1. Poets In Their Youth - Eileen Simpson. Memoir. Eileen Simpson was married to poet John Berryman, and they were acquainted with other poets, troubled in various degrees: Delmore Schwartz, Robert Lowell, Randall Jarrell and Theodore Roethke. Because Berryman couldn't/wouldn't agree to a normal family sort of life, Simpson gave up the idea of having children and trained to be a psychotherapist. Eventually, she left Berryman, but remained on civil terms with him and his friendly rivals. As a result, Poets In Their Youth is less a gossipy tell-all than a compassionate, forgiving examination with an extra remove of having been written well past the time that she and the poets of the title were acquainted.
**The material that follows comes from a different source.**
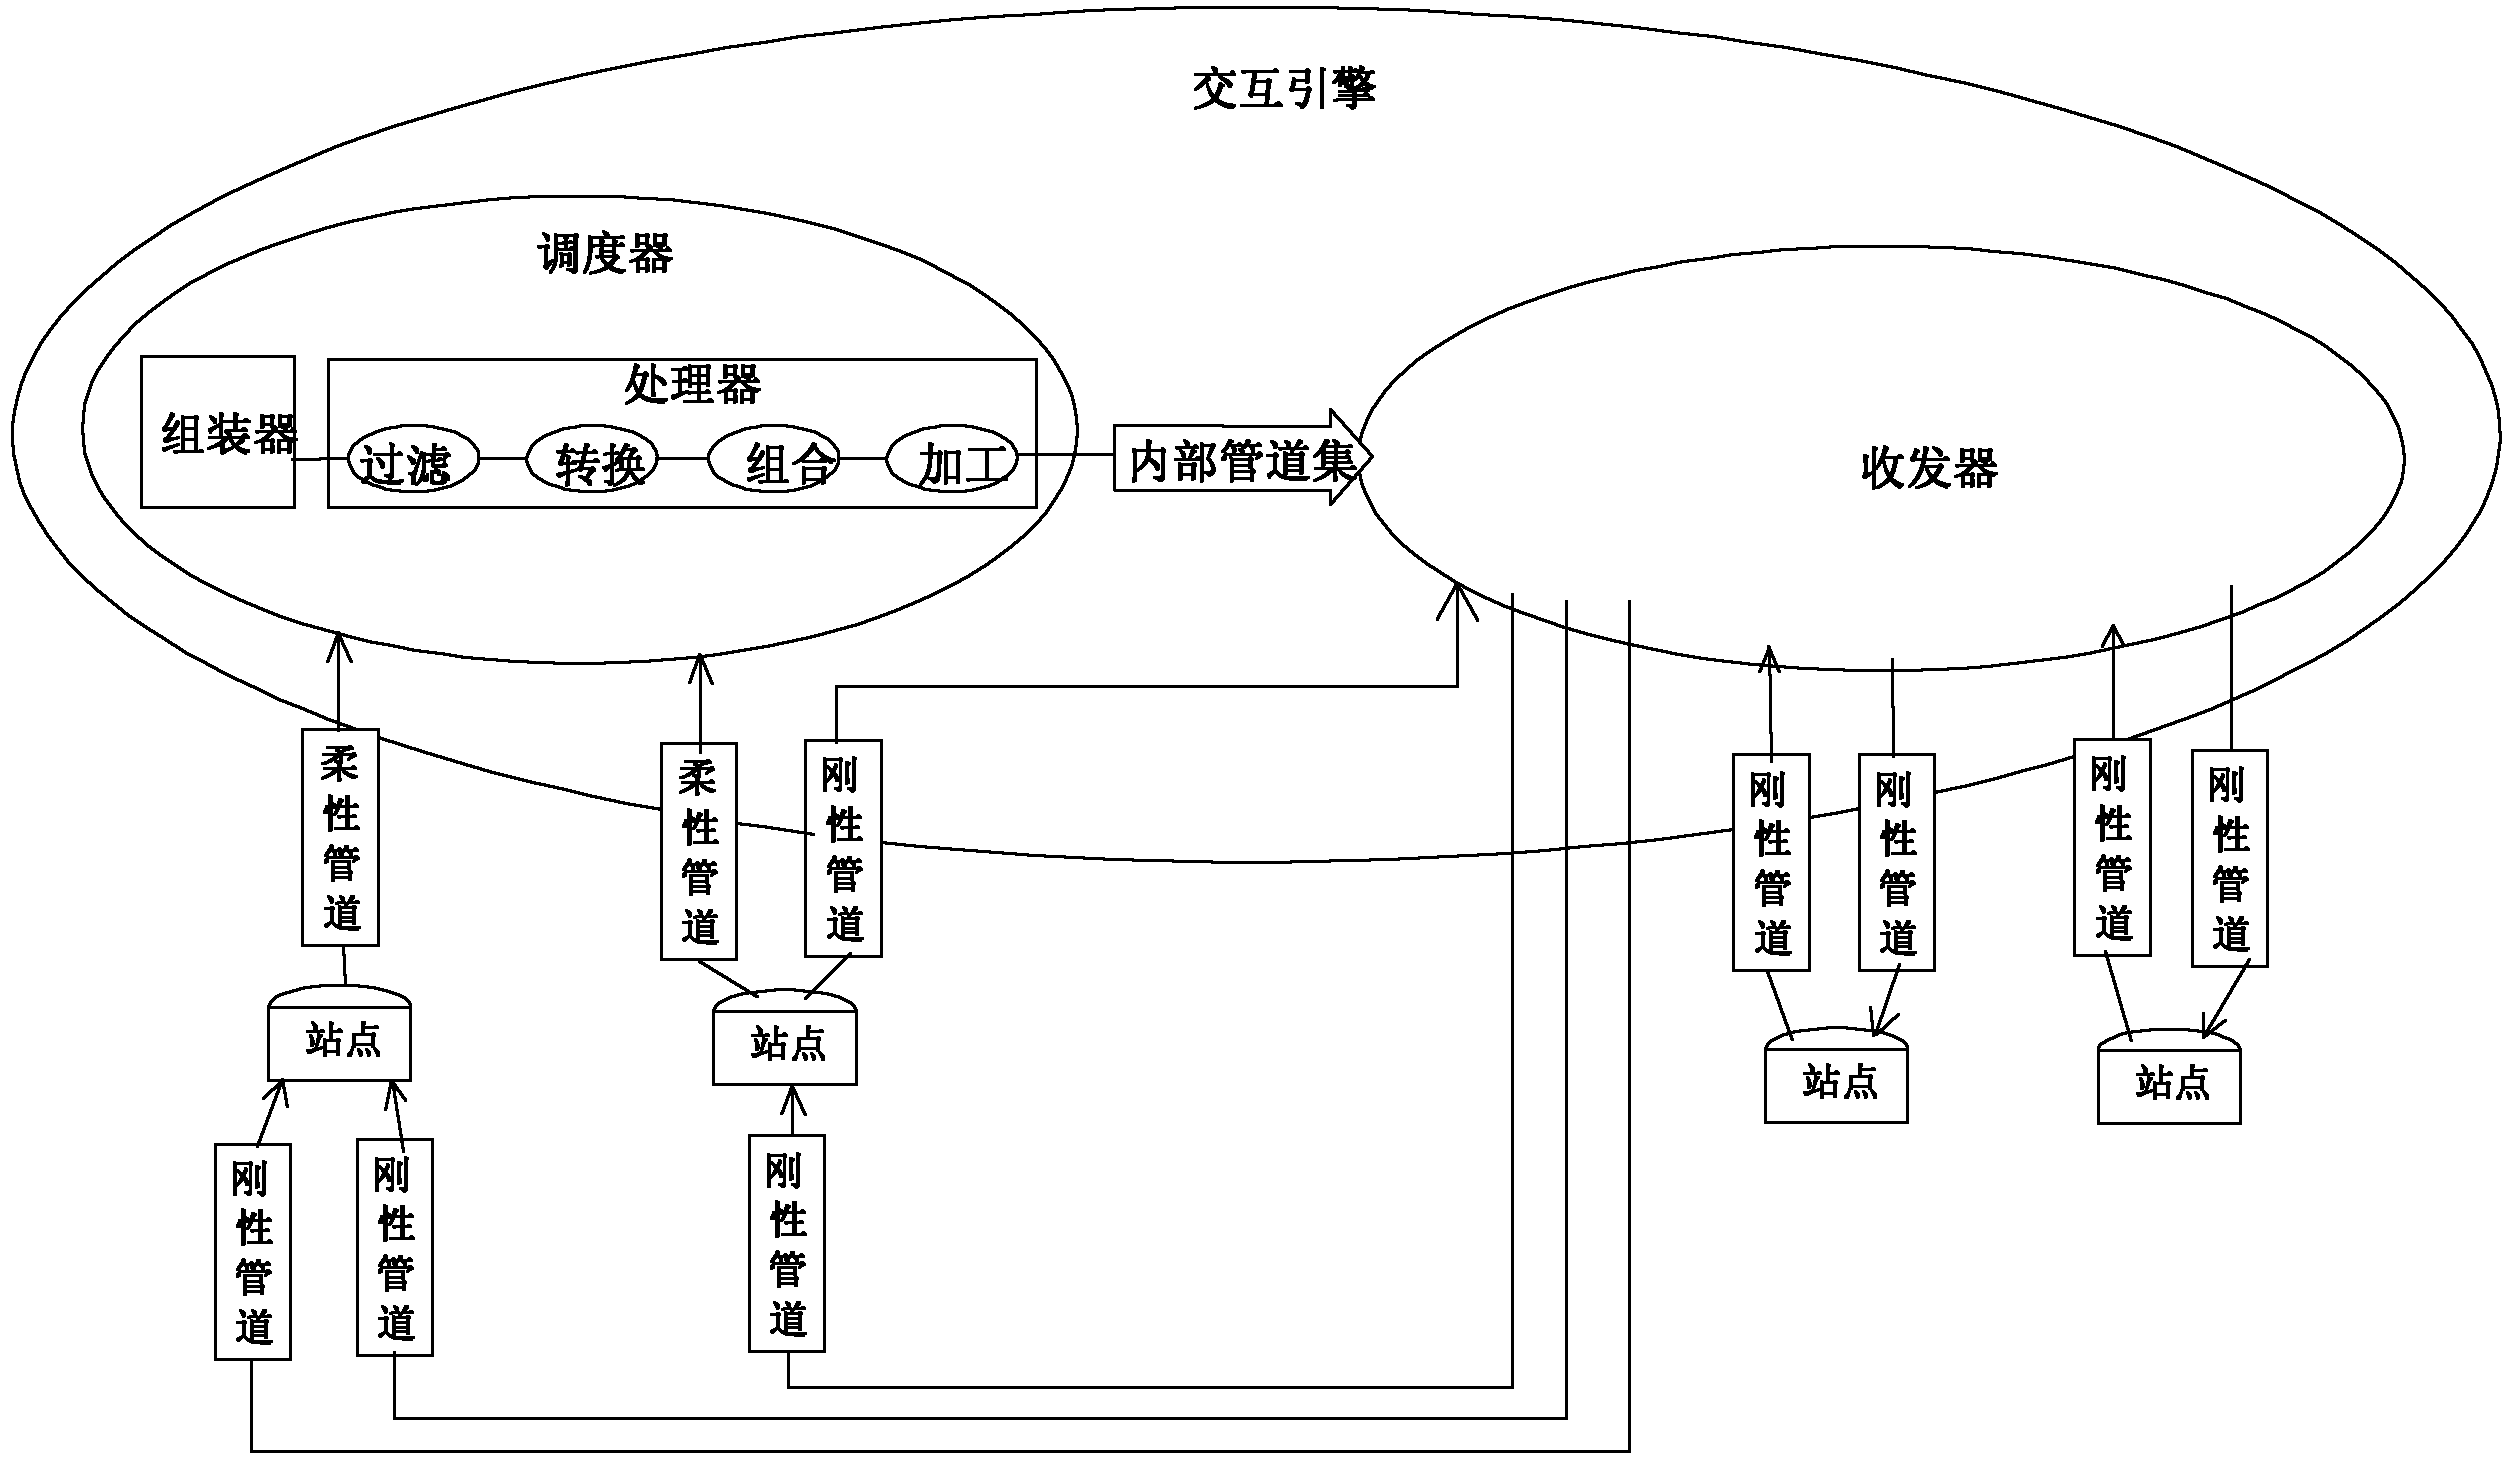 Computer system constructing method based on data interactive fusion

Although she wasn't a poet, novelist and short-story writer Jean Stafford, who was married to Robert Lowell, is a fascinating presence.
2. Who Is Ruth Bader Ginsburg? - Patricia Brennan Demuth. Biography. I sought this out and read it shortly after RBG's death, and it tore me up. Ended up reading it twice. I even had a dream in which I popped in on Marty Ginsburg, and he was composing the most beautiful sonnet for RBG for their anniversary. Even in dreams, everyone is ardent about Ruth Bader Ginsburg, and why not? She was ardent about people and expressed it so clearly and lucidly through changes she made in unjust laws, not just for women, but for everyone. It will be a long time -- but please, not too long -- before the law is in such good, capable hands again.